What you need to do => Only the pictures are to be left out; please reproduce everything else in the data exactly.
━━━ Data section
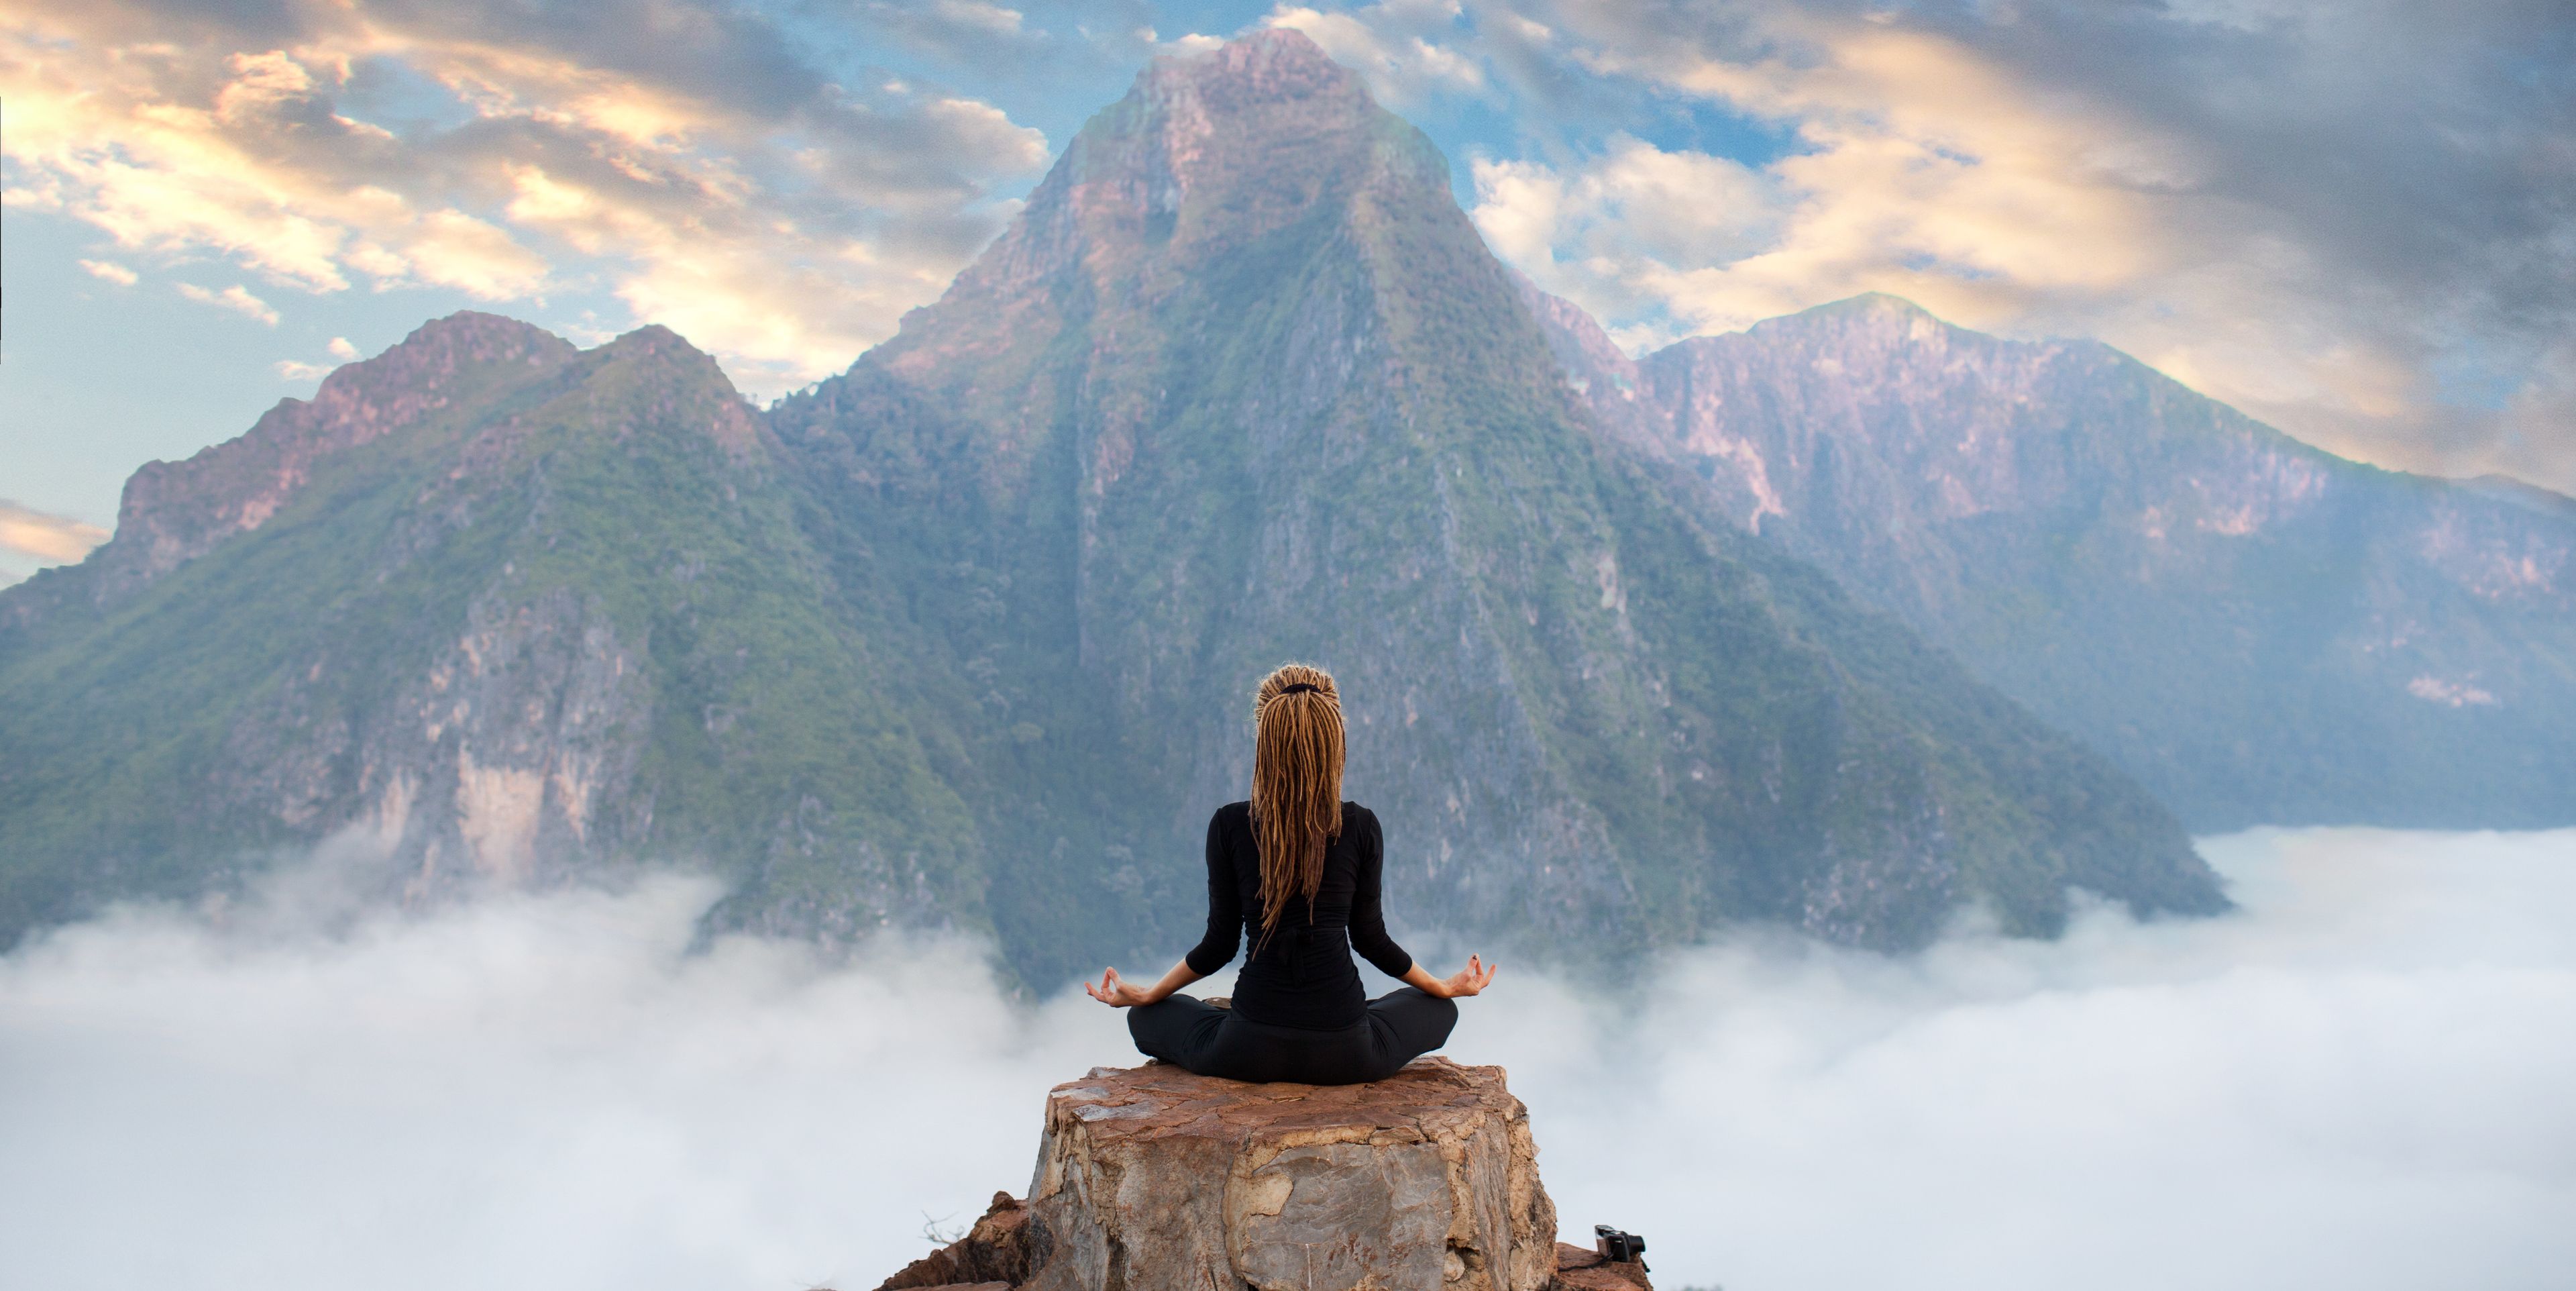 Frau im Lotussitz auf einer Bergspitze im Hintergrund eine beeindruckende Berglandschaft
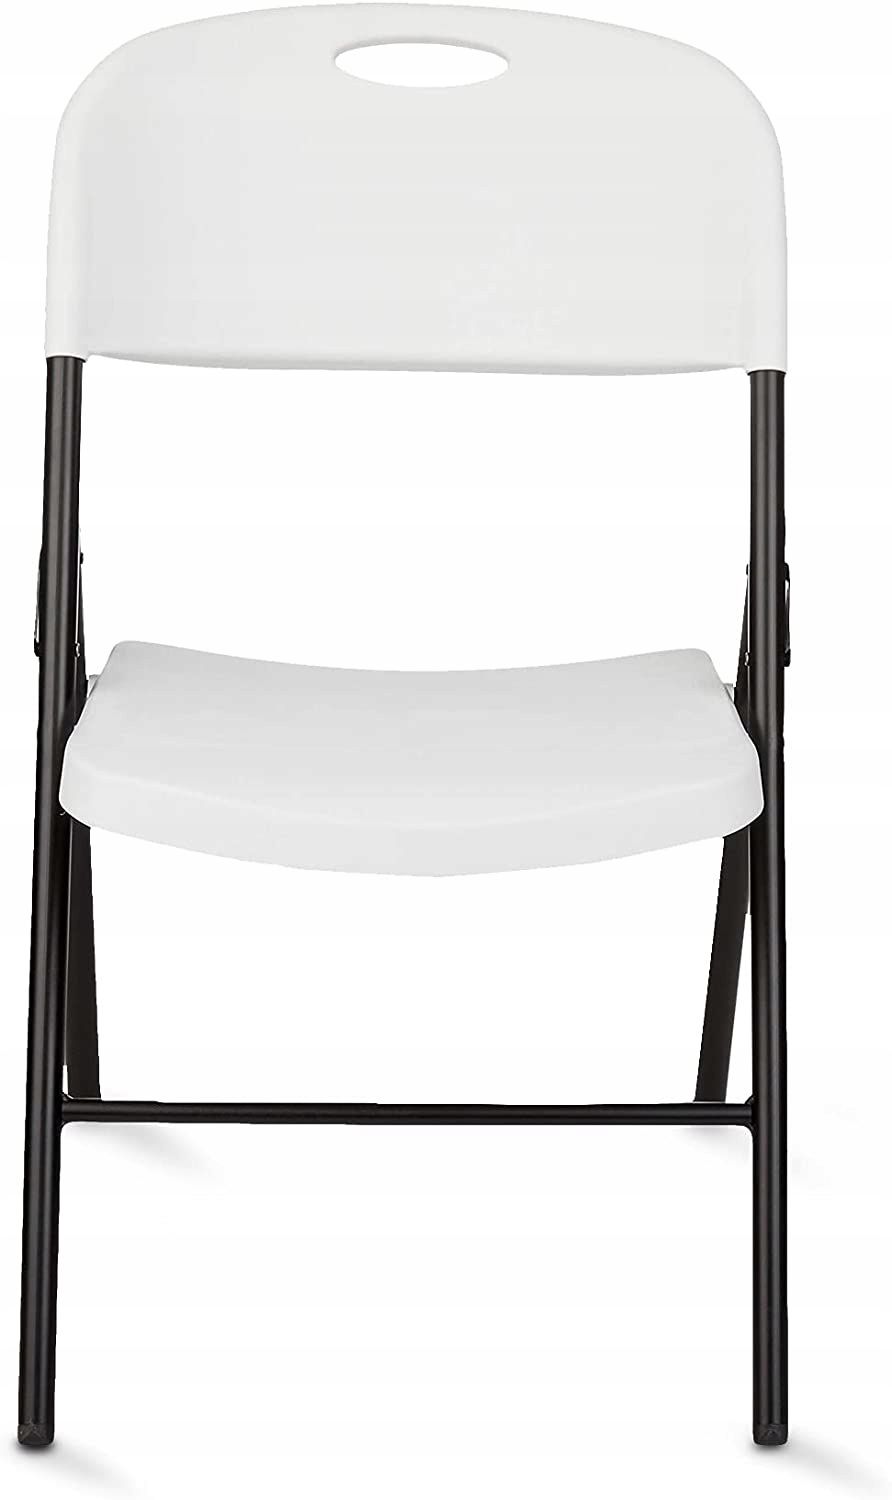 4x krzesło amazon basics 91,44 x 56,65 x 49,78 cm białe
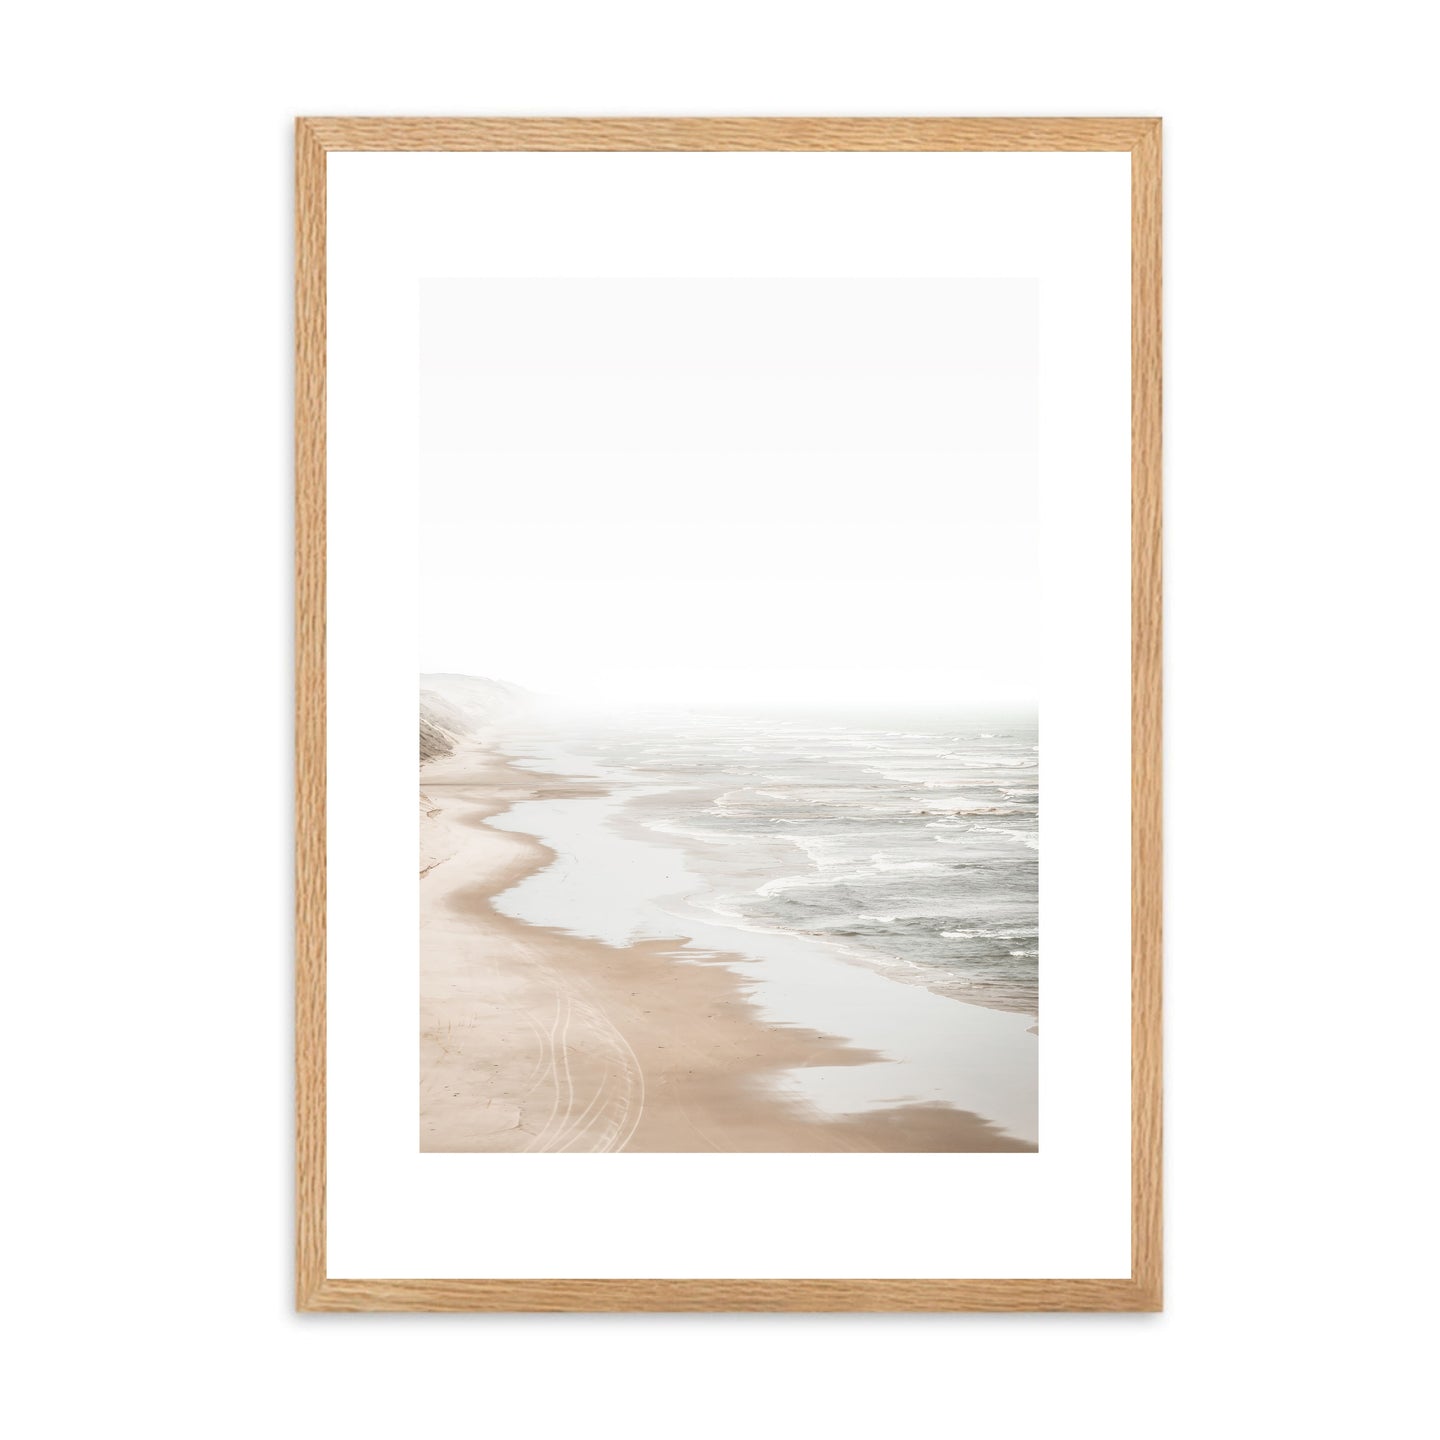 Coastal Beach II | Framed Print
━━━━━━
Answer to the exercise =>
 Frau im Lotussitz auf einer Bergspitze im Hintergrund eine beeindruckende Berglandschaft
 4x krzesło amazon basics 91,44 x 56,65 x 49,78 cm białe
 Coastal Beach II | Framed Print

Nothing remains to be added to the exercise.